(Beginning of Study material)

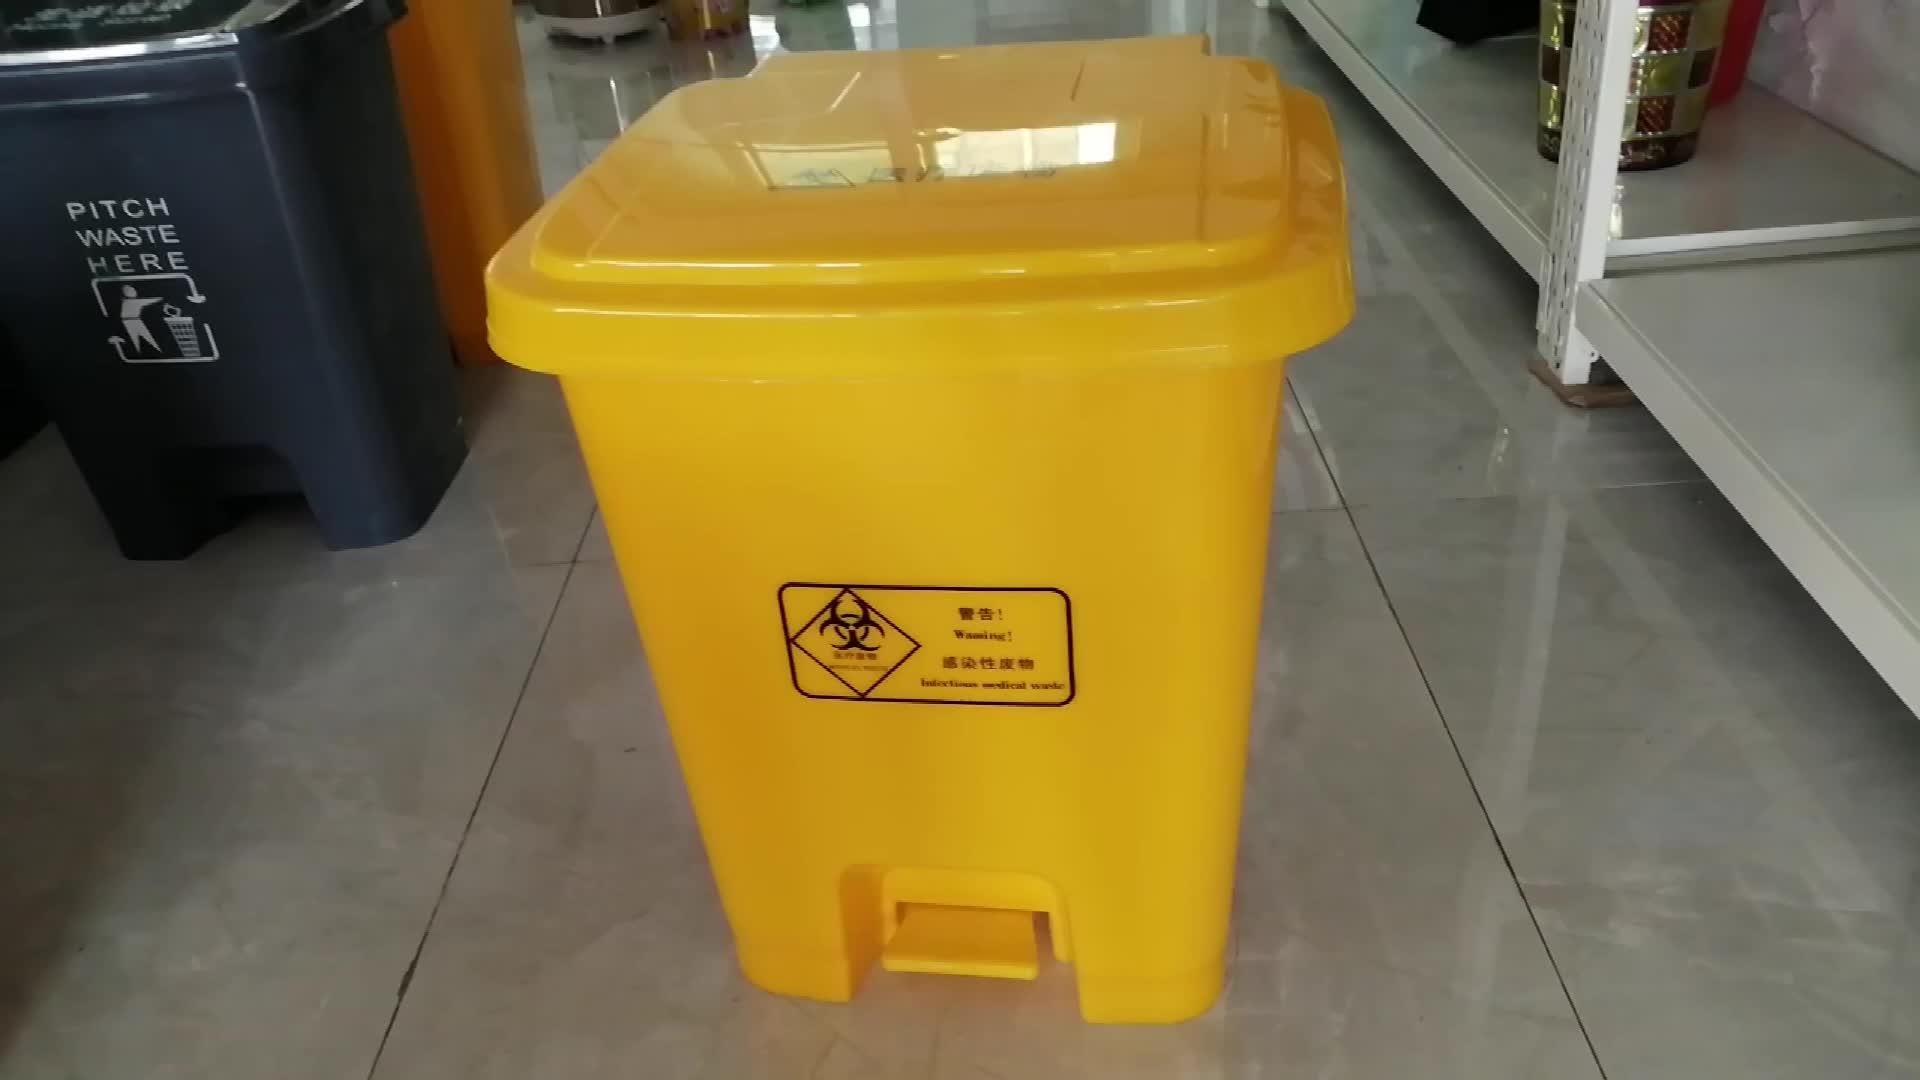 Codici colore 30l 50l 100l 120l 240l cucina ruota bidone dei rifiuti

(End of Study material)
(Beginning of Study material)

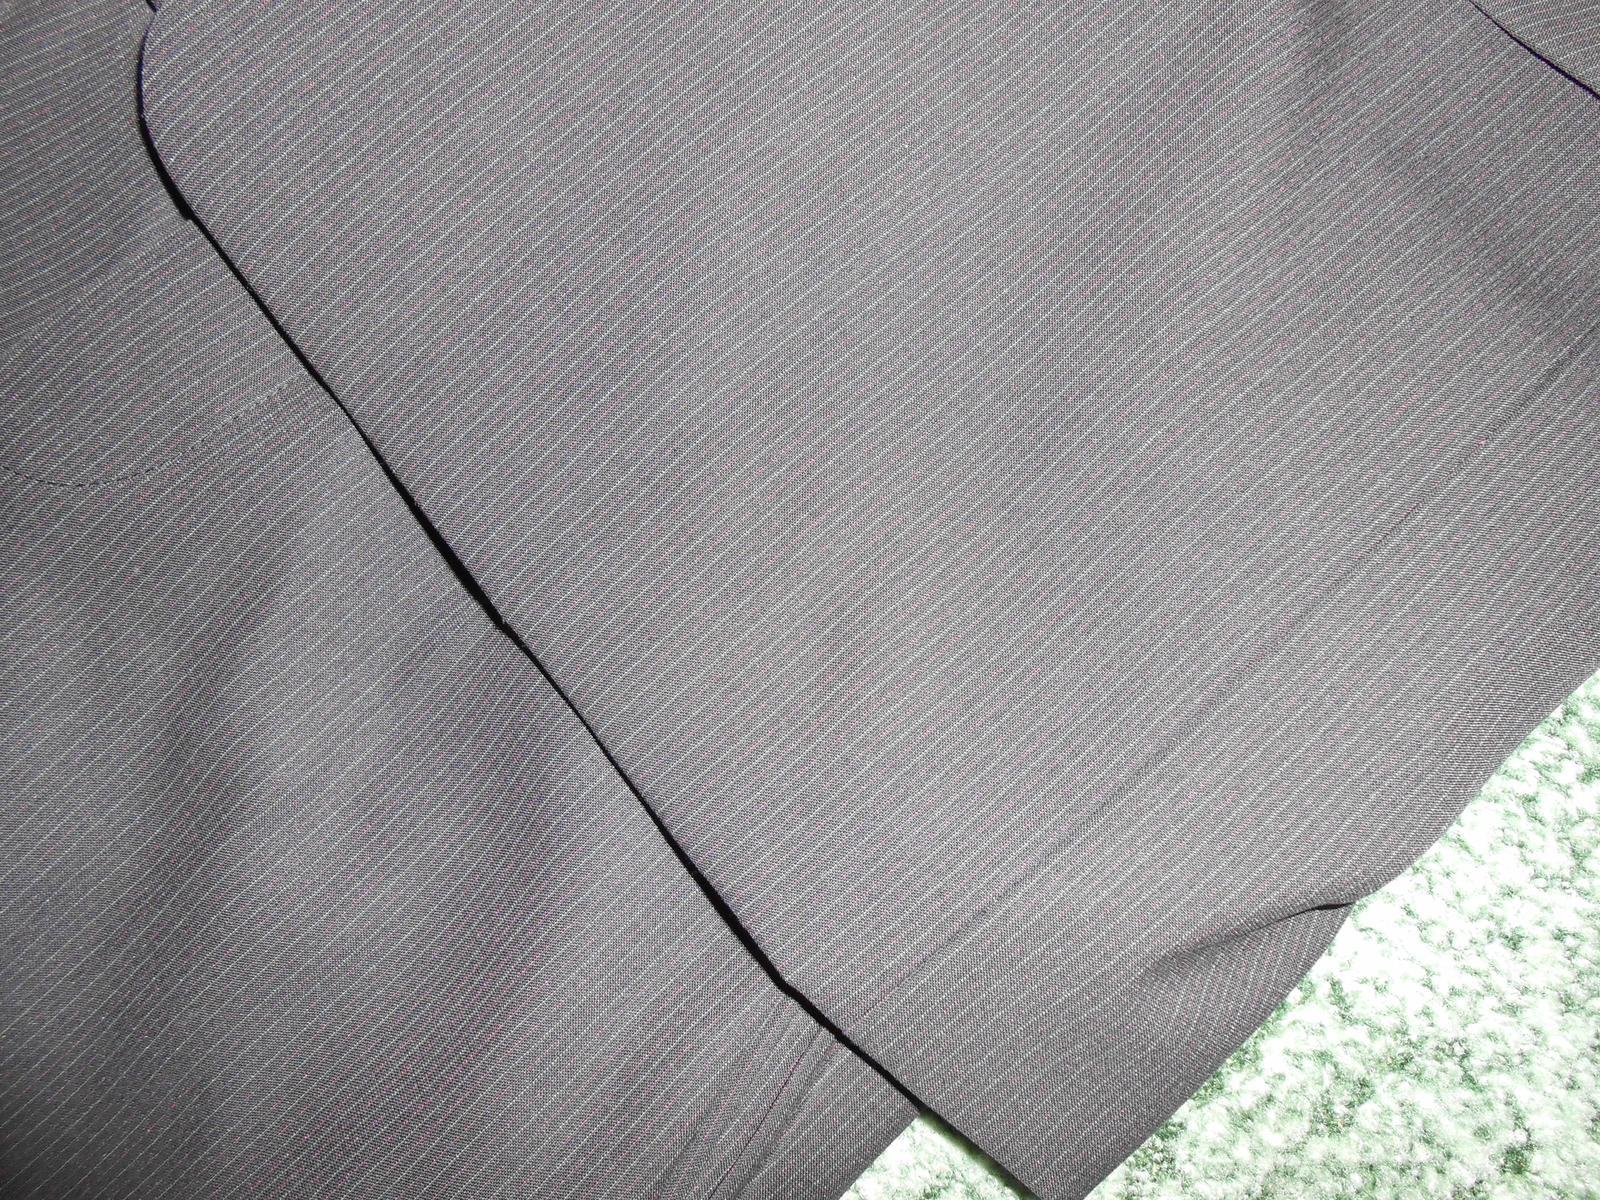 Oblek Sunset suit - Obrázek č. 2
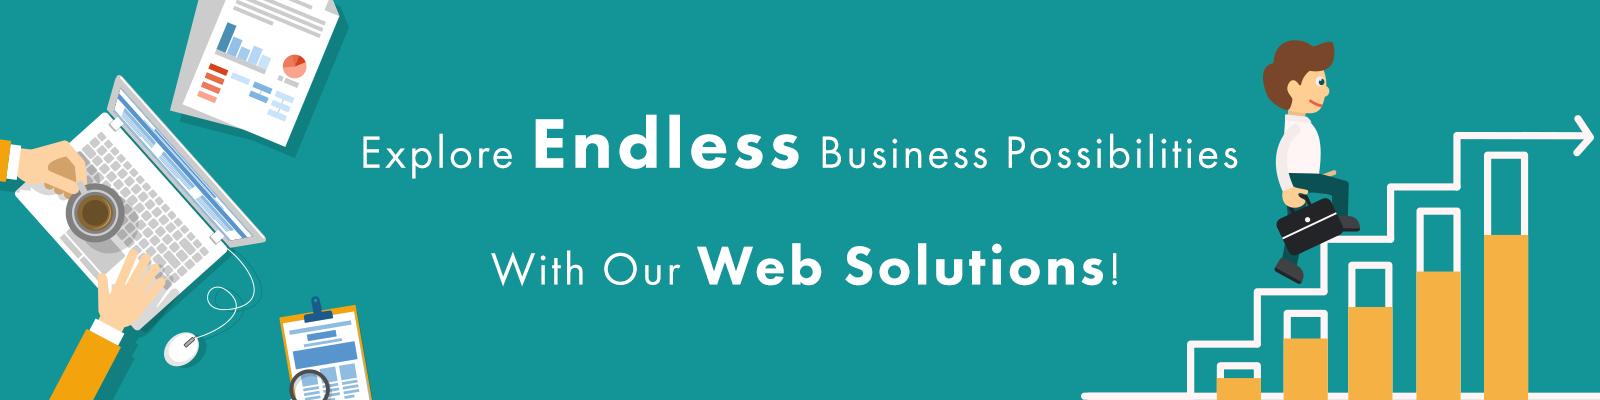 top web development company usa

(End of Study material)
(Beginning of Study material)

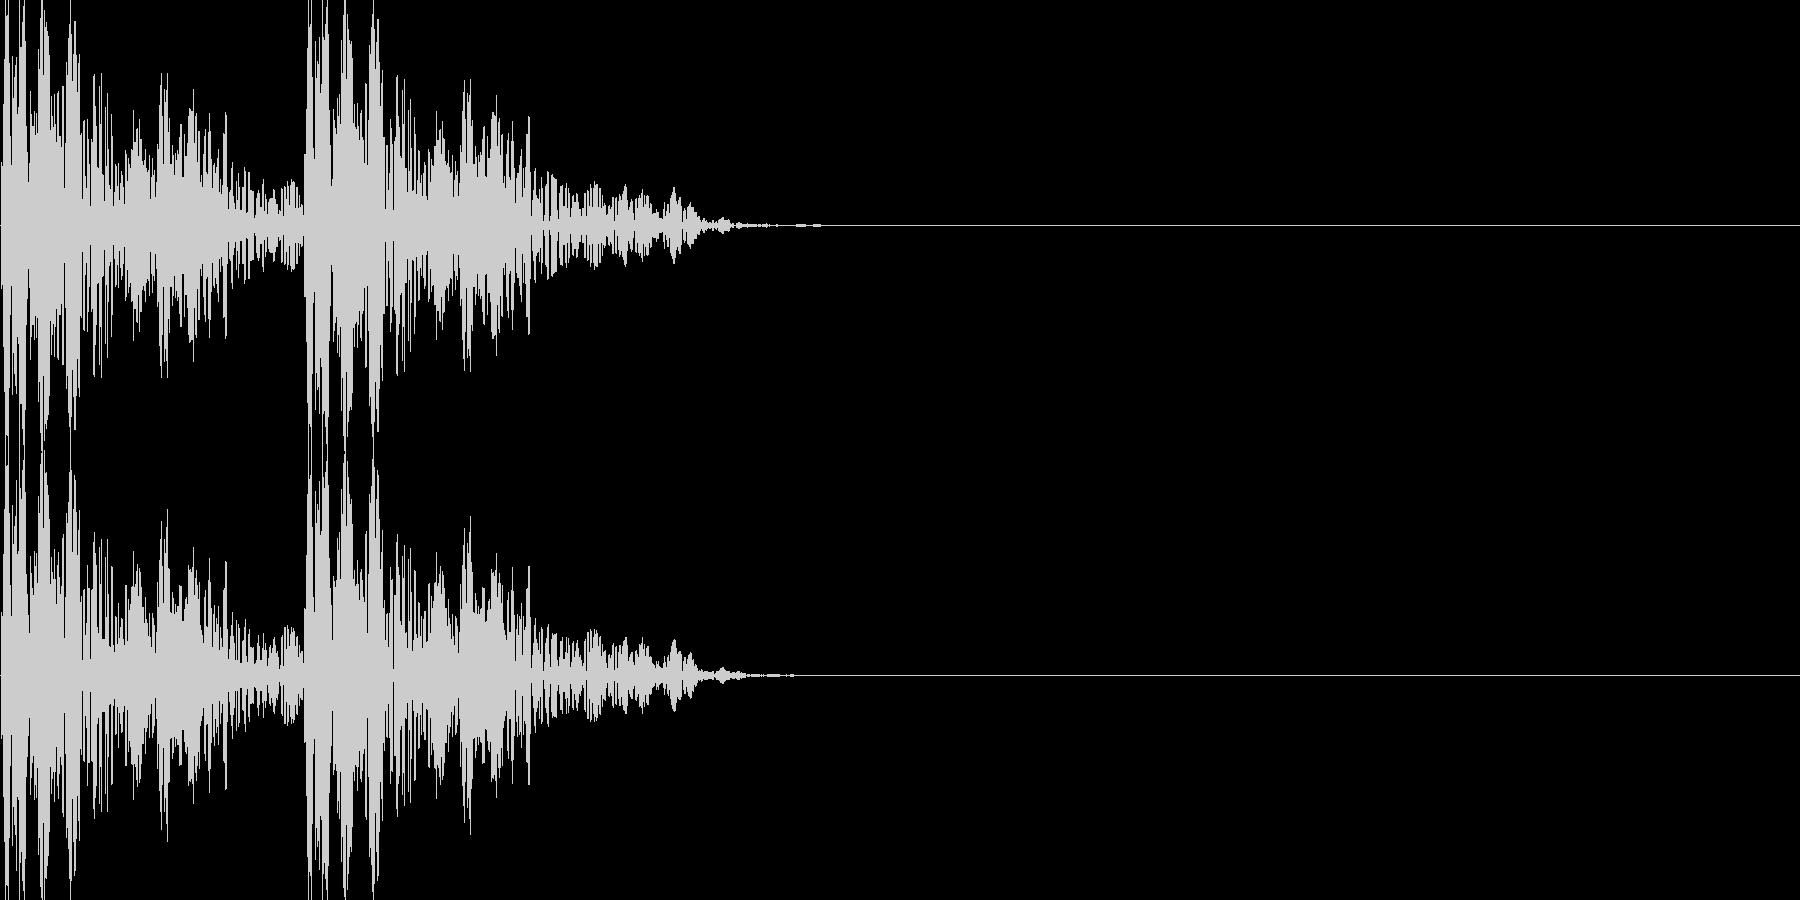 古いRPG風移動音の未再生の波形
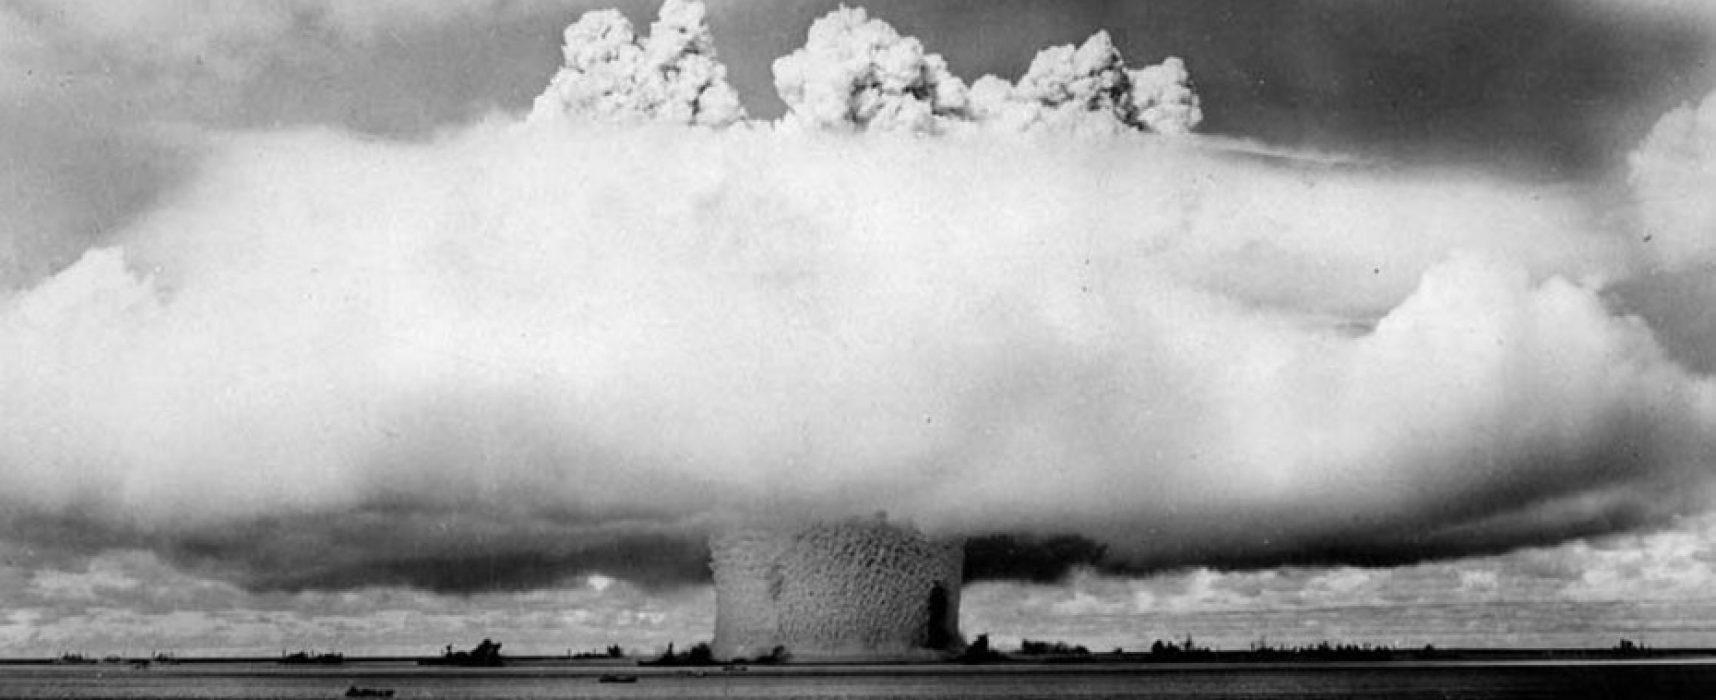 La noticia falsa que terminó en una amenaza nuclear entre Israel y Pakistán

(End of Study material)

> **Problem details**: Give back, exactly and without pictures, the stretch of the records above from the line containing "Oblek Sunset suit - Obrázek č. 2" through the line containing "top web development company usa", with both end lines included.

> **Exercise solution**:
 Oblek Sunset suit - Obrázek č. 2
 top web development company usa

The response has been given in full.